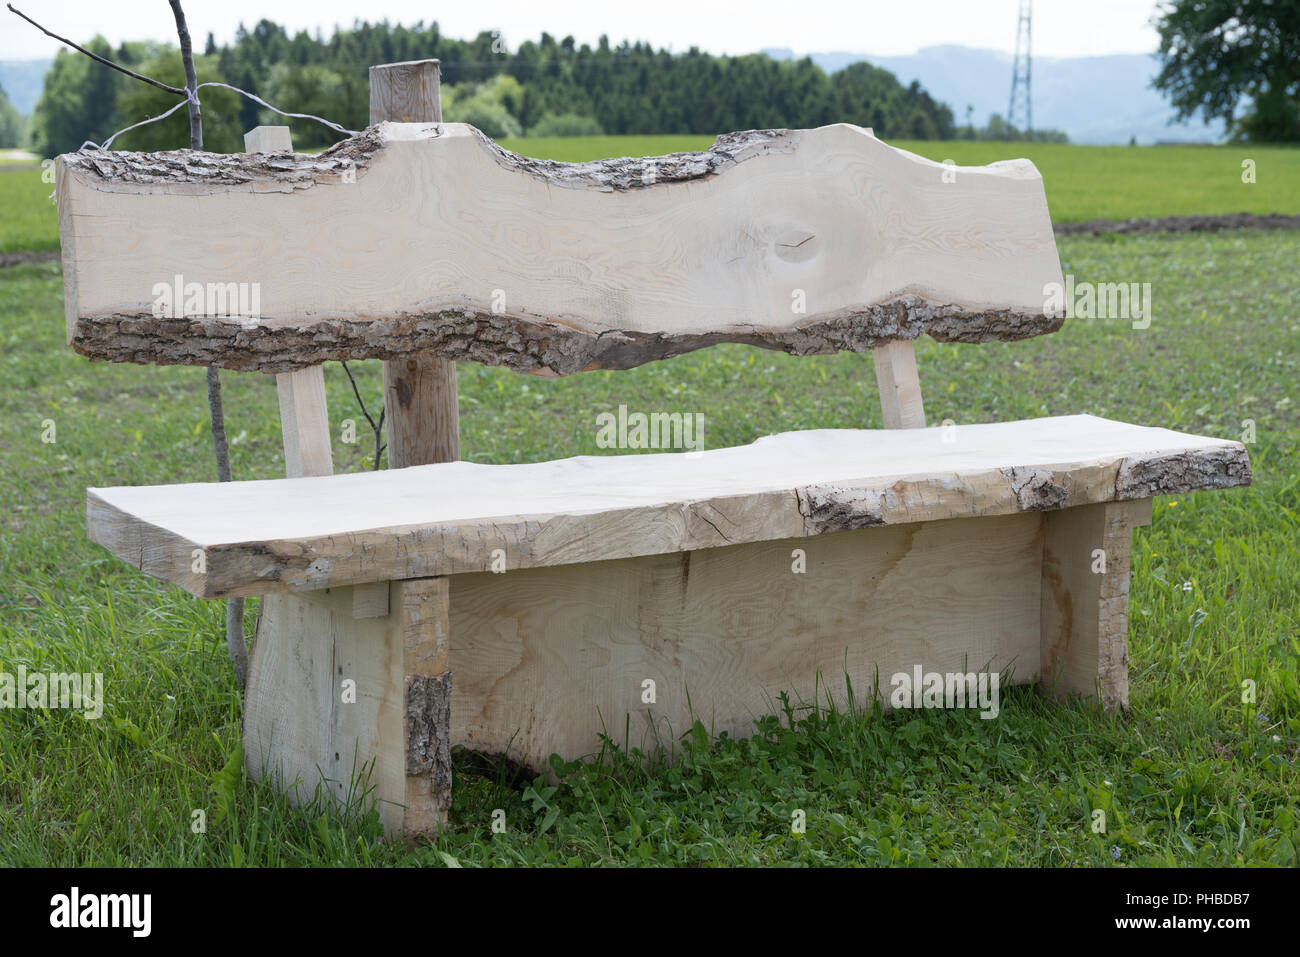 Rustic garden bench made of solid hardwood Stock Photo
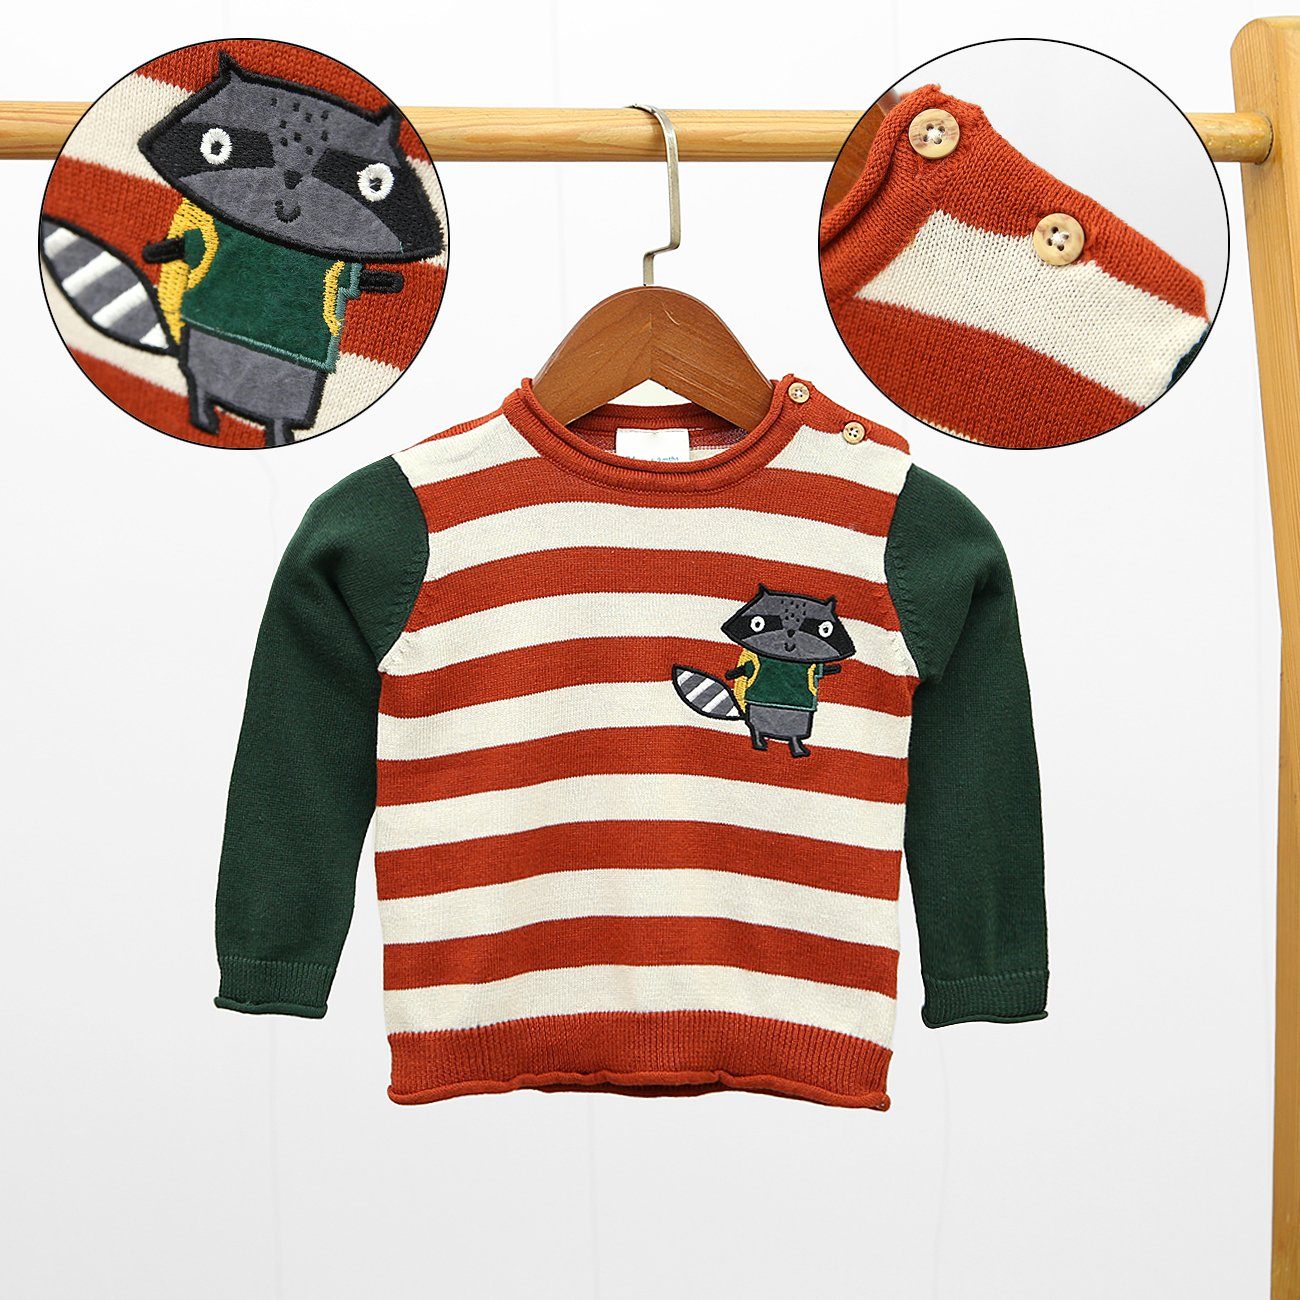 Exclusive Imported Embroided Knit-Sweater With Shoulder Button For Kids (22036)
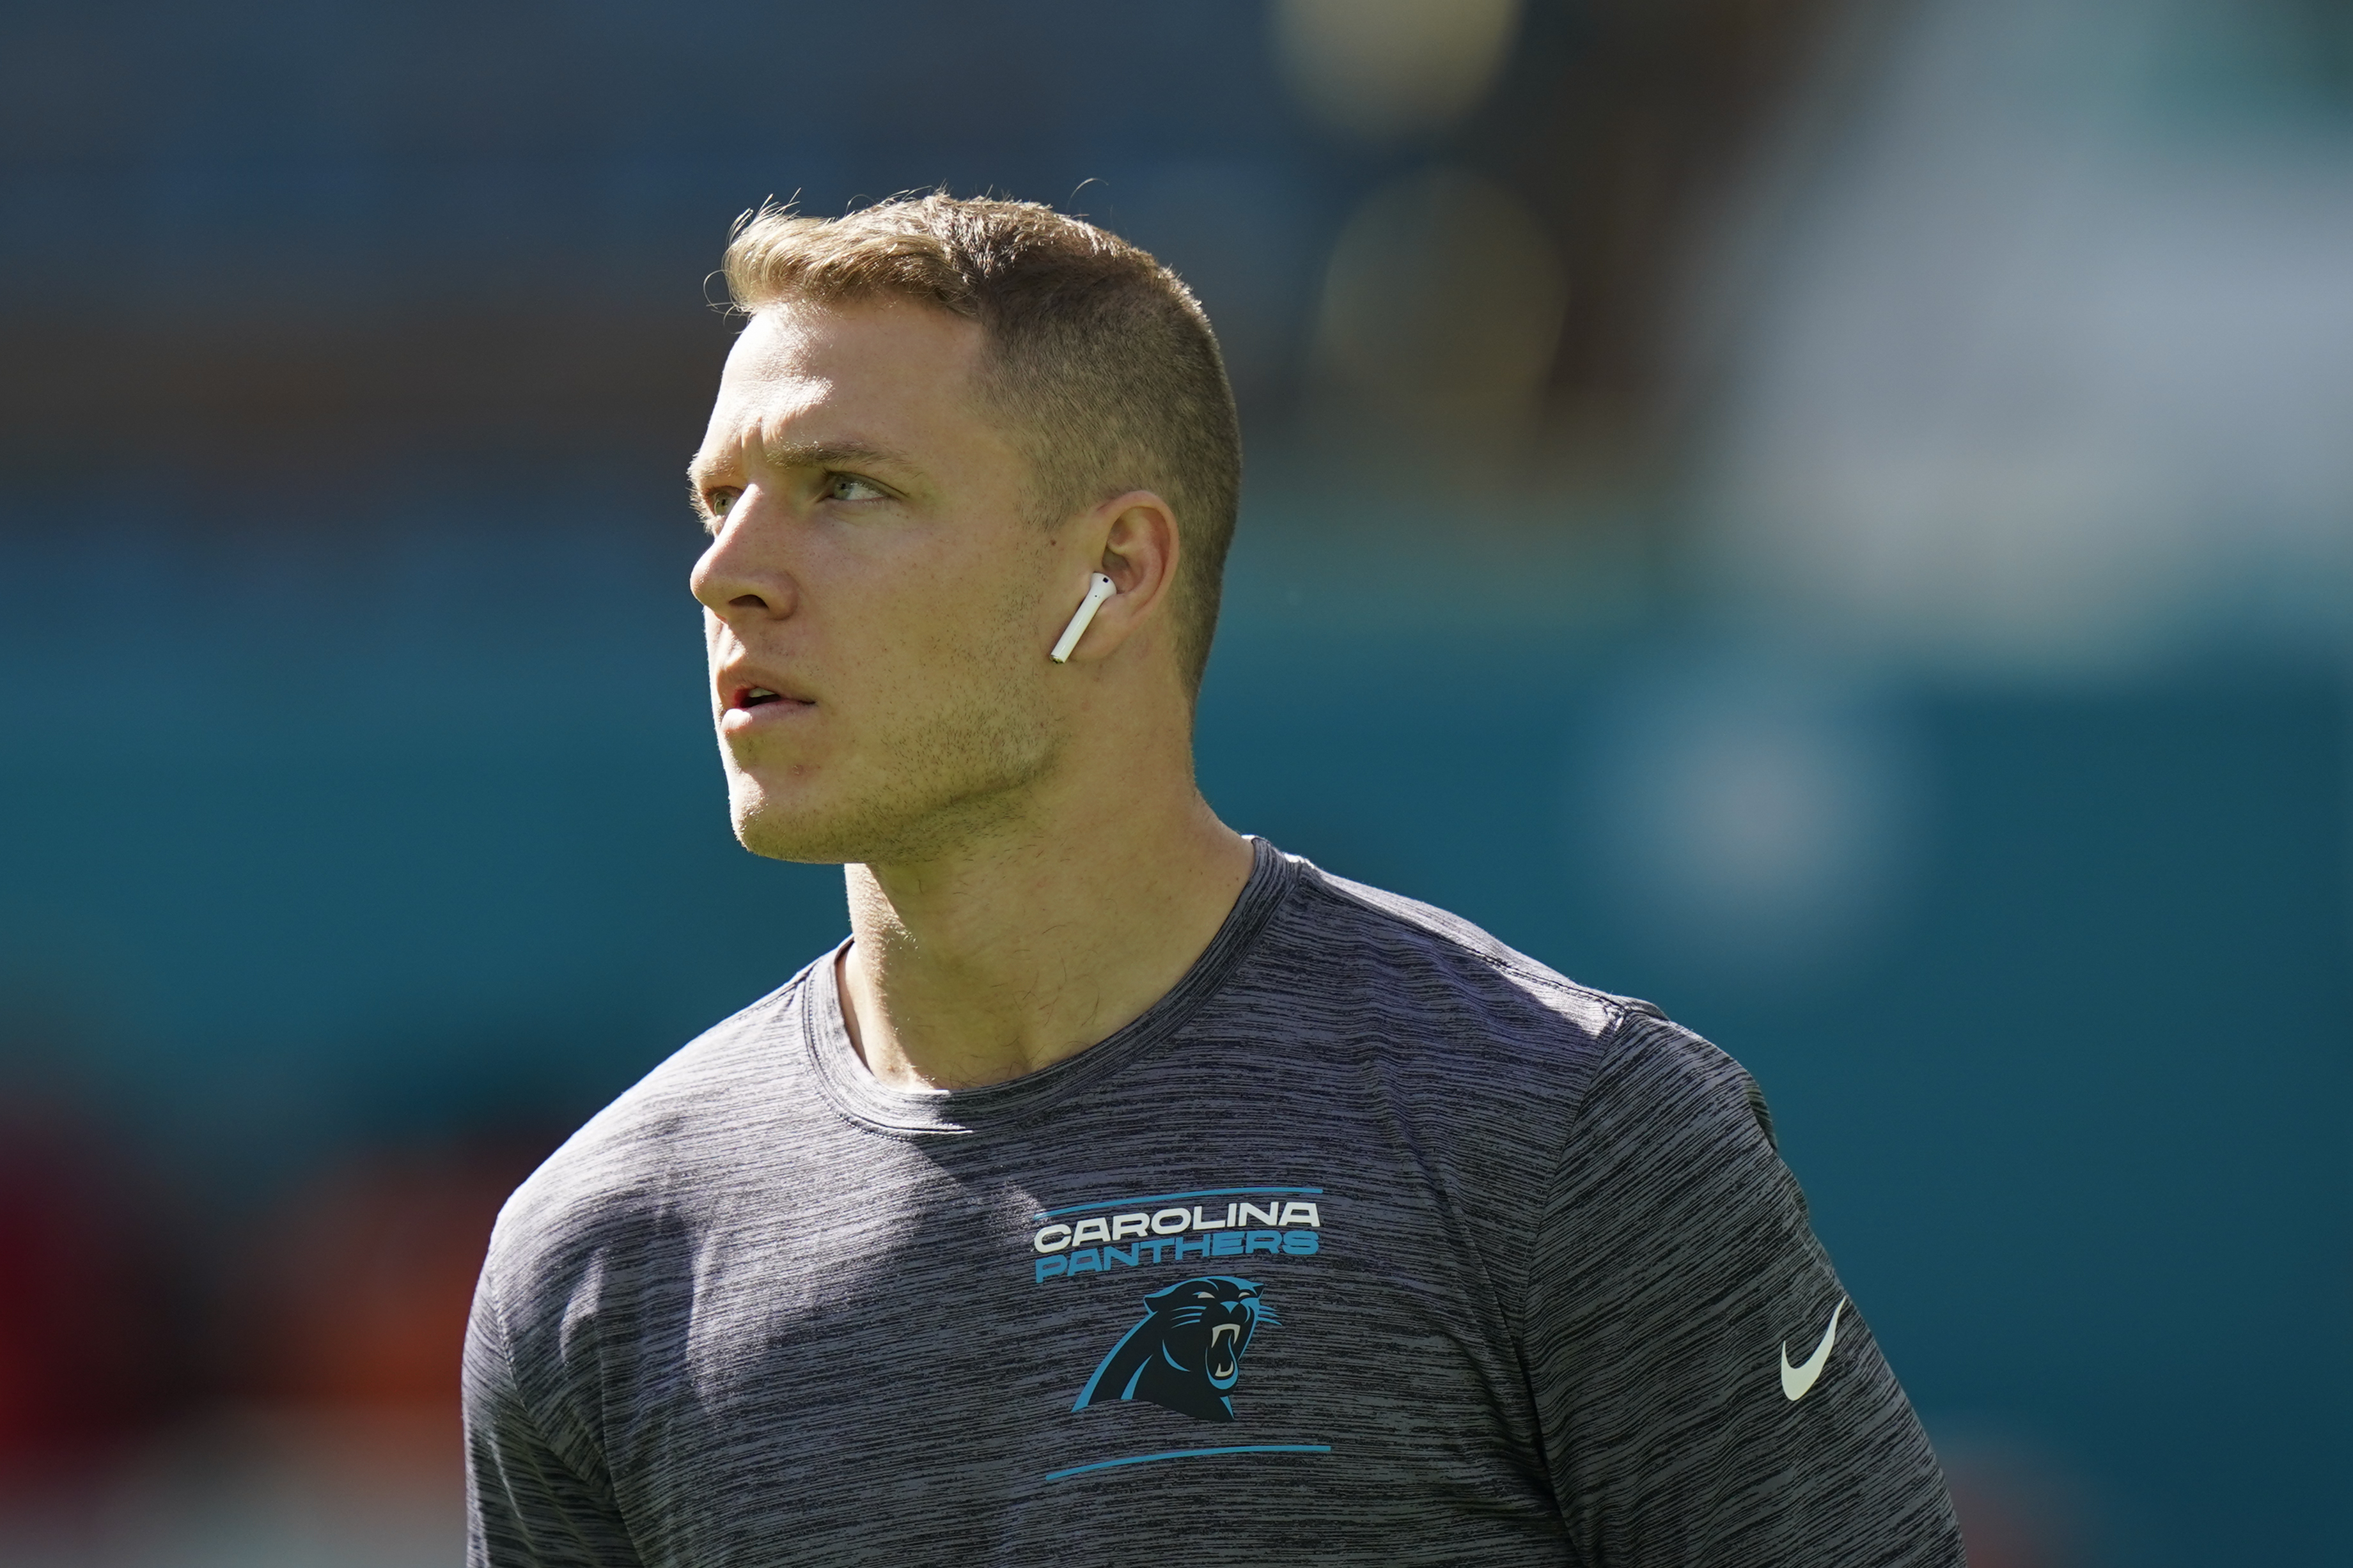 Christian McCaffrey Out for Season After Being Placed on IR with Ankle Injury

□ □ □ □ □ □ □

Would you mind transcribing the material exactly, without the pictures?

◆ Response to the task
 Rustic garden bench made of solid hardwood Stock Photo
 Exclusive Imported Embroided Knit-Sweater With Shoulder Button For Kids (22036)
 Christian McCaffrey Out for Season After Being Placed on IR with Ankle Injury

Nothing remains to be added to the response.